我無法提出任何特別優雅的方法,但這應該可以完成工作:
import pandas as pd
import numpy as np
df = pd.DataFrame([[111, 'ask', 'ele', 'phone'],
[222, 'ask_hr', 'ele', 'phone'],
[333, 'ask_hr_dk', 'ele', 'phone'],
[444, 'askh', 'ele', 'phone']],
columns=['id_1', 'id_desc', 'cat_1', 'cat_2'])
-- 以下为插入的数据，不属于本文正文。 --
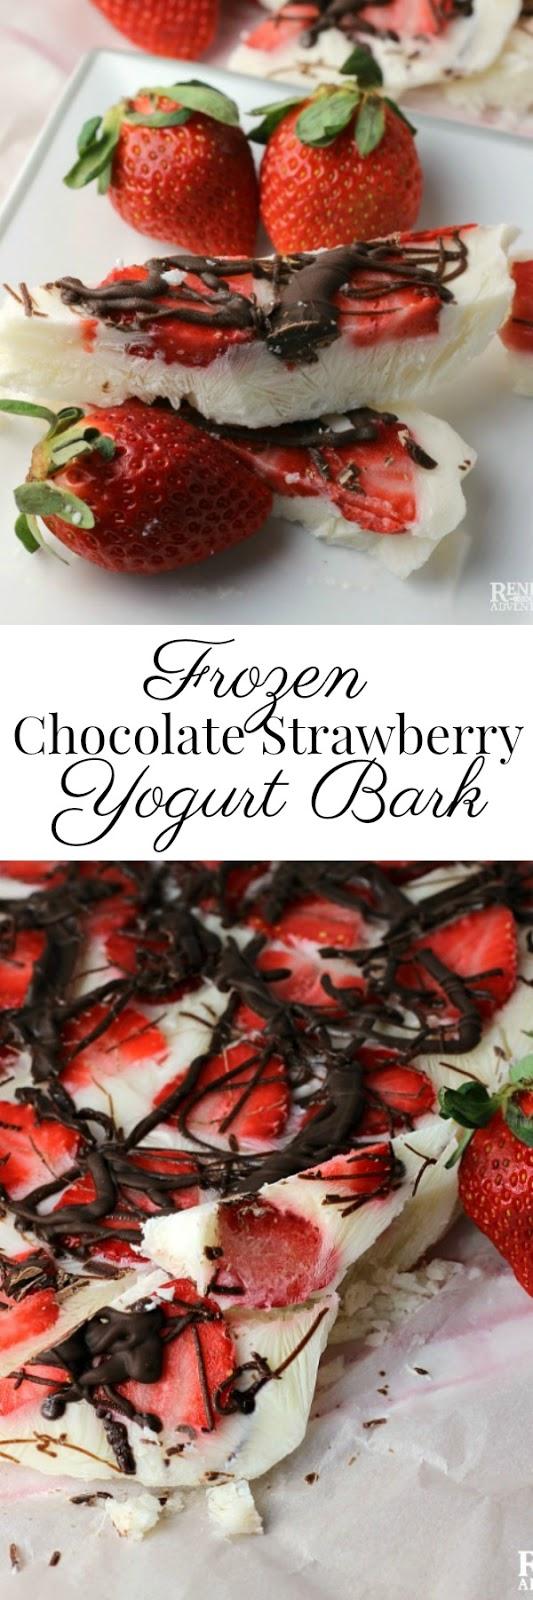 Frozen Strawberry Chocolate Yogurt Bark | Renee's Kitchen Adventures - Easy, healthy dessert or snack made with fresh Florida strawberries, yogurt, and dark chocolate @Flastrawberries #SundaySupper #FLStrawberry #healthysnack #healthyrecipe

grouped = df.groupby(by=['cat_1', 'cat_2']) # group by the columns you want to be identical
data = [] # a list to store all unique groups
# In your example, this loop is not needed, but this generalizes to more than 1 pair
# of cat_1 and cat_2 values
for group in grouped.groups:
n_rows = grouped.get_group(group).shape[0] # how many unique id's in a group
all_data = np.tile(grouped.get_group(group).values, (n_rows, 1)) # tile the data n_row times
ids = np.repeat(grouped.get_group(group)['id_1'].values, n_rows) # repeat the ids n_row times
data += [np.c_[all_data, ids]] # concat the two sets of data and add to list
df_2 = pd.DataFrame(np.concatenate(data), columns=['id_1', 'id_desc', 'cat_1', 'cat_2', 'id_2'])
基本思想是按cat_1
和cat_2
列對數據進行cat_1
(使用groupby
),使用np.tile
創建每個組的副本的次數要id_1
該組中id_1
唯一值,然后將結果與唯一id_1
值(每組數據一個值)。
如果您不希望id_1
與id_2
相同,則只需選擇不匹配的行:
df_2 = df_2[df_2['id_1'] != df_2['id_2']]
如果希望它們在id_1
上id_1
:
df_2.sort_values('id_1', inplace=True)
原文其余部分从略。